AA

Module 6 - Data Modeling

Data Modeling Overview

  • Definition:

    • A technique for modeling data determining what data and relationships should be stored in a database.

    • Graphical representation of a database, effectively communicating a database design.

  • Goals:

    • Identify the facts to be stored in the database.

    • Requires collaboration between client and analyst.

  • Process:

    • Iterative, involving trial and revision.

    • The data model serves as a working document.

Building Blocks of Data Modeling

  • Entity:

    • A thing about which data is stored; the basic building block.

  • Attribute:

    • Describes an entity; singular and unique within the model.

  • Relationship:

    • Describes the linkage between two entities, defined by relationship descriptors:

      • 1:1 (one-to-one)

      • 1:m (one-to-many)

      • m:m (many-to-many)

  • Identifier:

    • Uniquely distinguishes an instance of an entity.

Quality of Data Models

  • Well-formed Data Model:

    • All construction rules are obeyed.

    • No ambiguity is present.

    • All entities, attributes, and relationships are defined.

    • Names are meaningful and understood by the client.

  • High Fidelity Image:

    • Accurately describes the real-world it represents.

    • Relationships are correctly established.

    • Completeness and understandability are key.

    • The model must make sense to the client.

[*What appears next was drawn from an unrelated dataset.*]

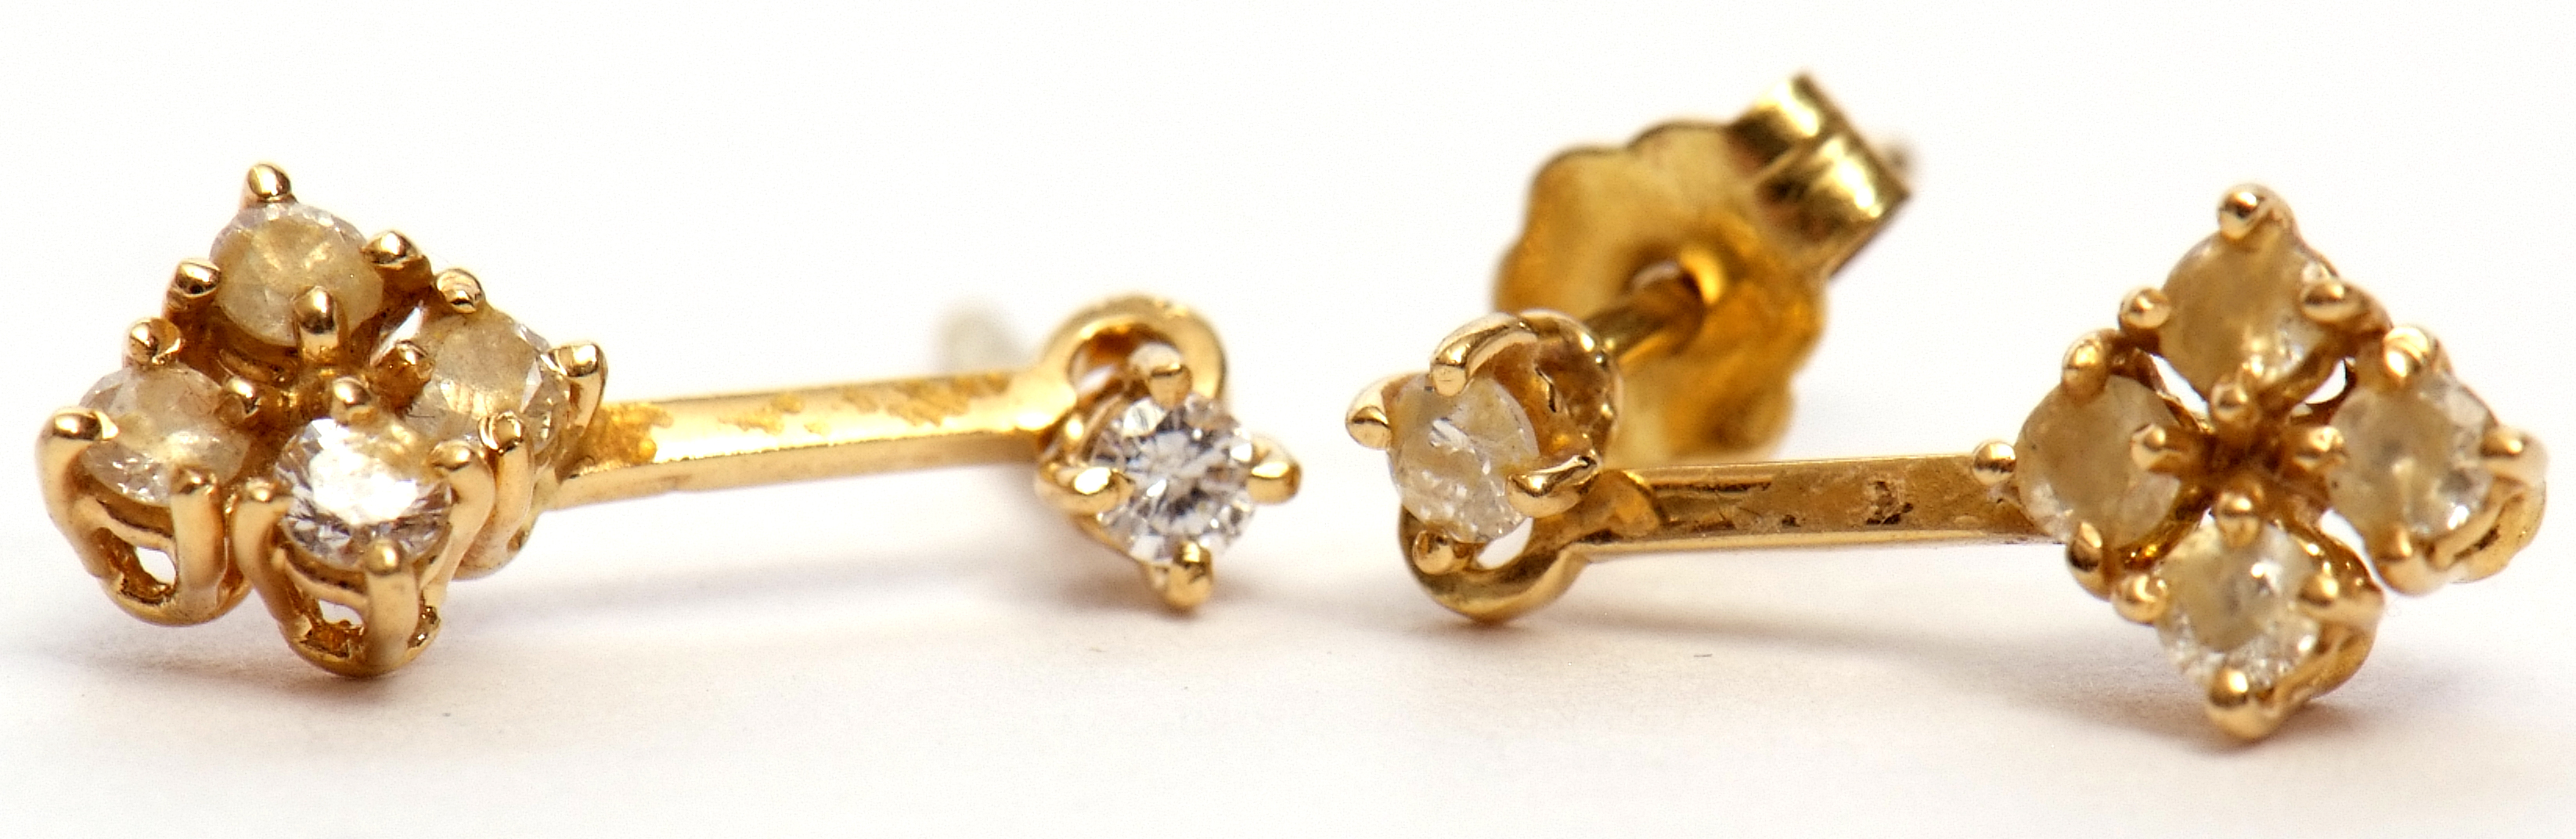 Pair of 18ct gold and diamond pendant earrings featuring a cluster of 4 small diamonds on a bar to a - Image 3 of 3

Quality Improvement Considerations

  • Assess:

    • Level of detail of the model.

    • All exceptions must be handled.

    • Overall accuracy of the model.

Modality & Cardinality

  • Modality:

    • Also known as optionality; defines the minimum number of instances in a relationship.

  • Cardinality:

    • Indicates the range of instances in a relationship.

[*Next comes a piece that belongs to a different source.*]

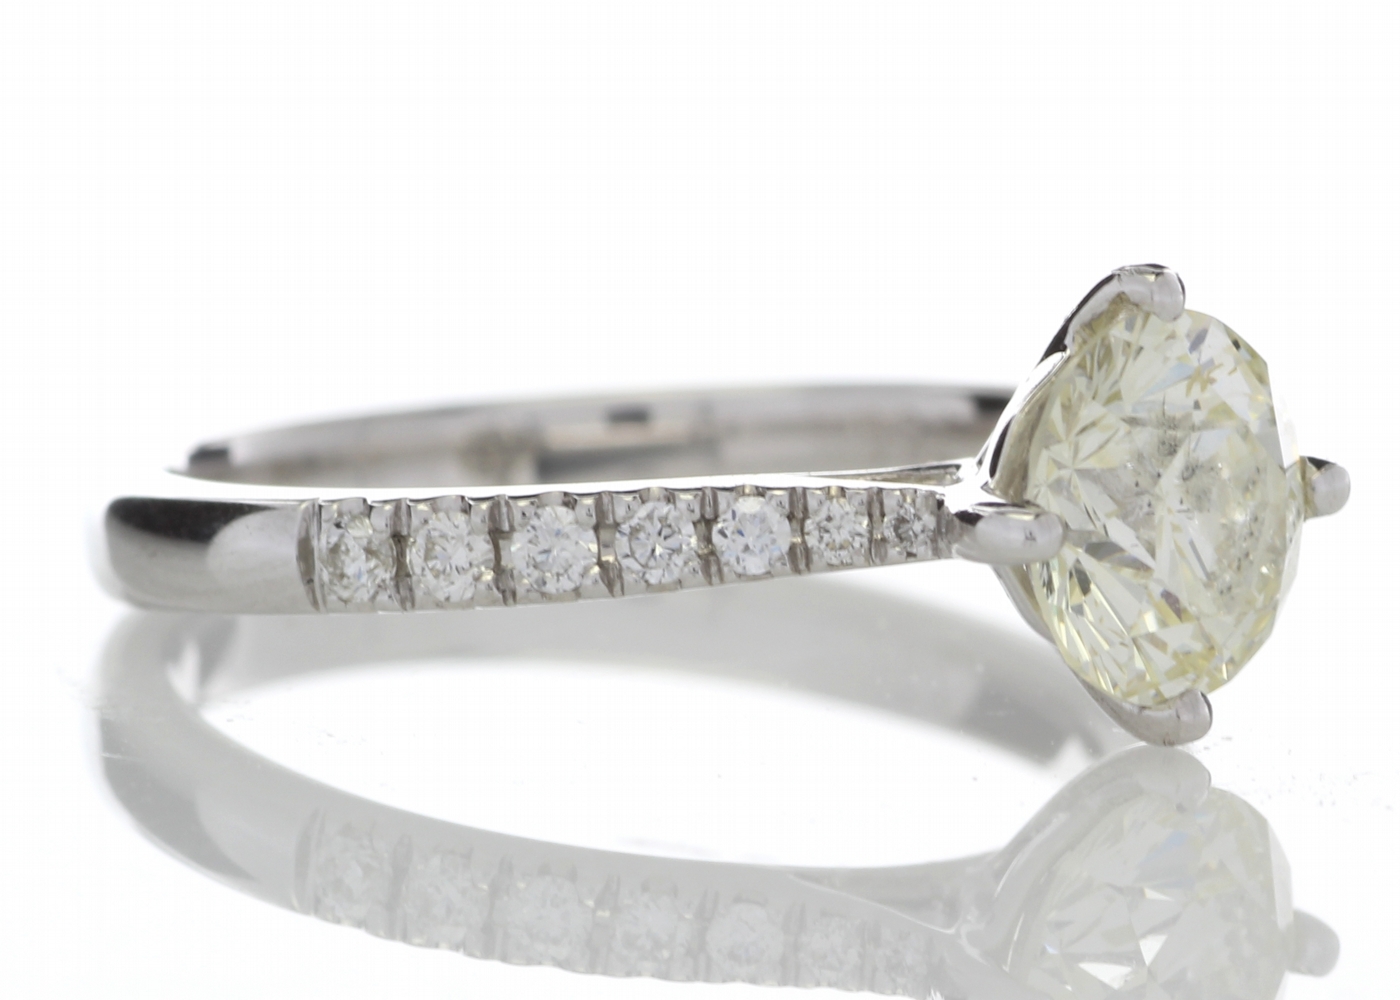 18ct White Gold Solitaire Diamond Ring With Stone Set Shoulders (1.15) 1.30 Carats - Image 2 of 5

    • Links with modality.

  • Cardinality Examples:

    • 0,1: Optional (zero or one instances)

    • 0,n: Zero or many instances

    • 1,1: Mandatory (exactly one instance)

Types of Entities

  • Independent:

    • Can stand alone; often prominent in the client's mind.

  • Dependent:

    • Relies on another entity for existence and identification.

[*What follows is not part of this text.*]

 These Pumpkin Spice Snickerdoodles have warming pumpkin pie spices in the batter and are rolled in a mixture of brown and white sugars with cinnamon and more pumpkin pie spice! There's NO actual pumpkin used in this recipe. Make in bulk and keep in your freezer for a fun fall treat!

    • Can become independent with an arbitrary identifier.

  • Associative:

    • Results from m:m relationships; holds current or historical data.

  • Aggregate:

    • Formed from multiple entities with a common prefix or suffix.

  • Subordinate:

    • Entity data that varies among instances.

Generalization

  • Describes a relationship between more general and more specific elements.

    • For each subtype, the primary key must represent the supertype's key as a foreign key.

UML Aggregation Concepts

  • Aggregation:

    • A part-whole relationship.

    • Shared Aggregation:

      • Enables multiple entities to own the same entity.

    • Composite Aggregation:

      • One entity exclusively owns the other.

Hints on Data Modeling

  • The model may expand and contract; include identifiers when necessary.

  • Ensure identifiers have a singular purpose—identification.

  • Create attributes when instance ordering is required.

  • Choose names carefully; be aware of synonyms and homonyms.

  • Maintain clarity by labeling relationships and ensuring data model accuracy.

Meaningful vs Non-Meaningful Identifiers

  • Meaningful Identifiers:

    • Draw inferences about entity attributes; can be recognizable.

    • Advantages: Easy to remember;

    • Disadvantages: Can lead to identifier exhaustion as realities change.

  • Non-Meaningful Identifiers:

    • Serve the sole purpose of uniquely identifying the entity; avoid data management issues.

    • Attributes describe characteristics of the entity.

Key Takeaways

  • A high-fidelity data model handles all exceptions.

  • Identifiers only need to distinguish an instance.

  • Data modeling skills develop over time.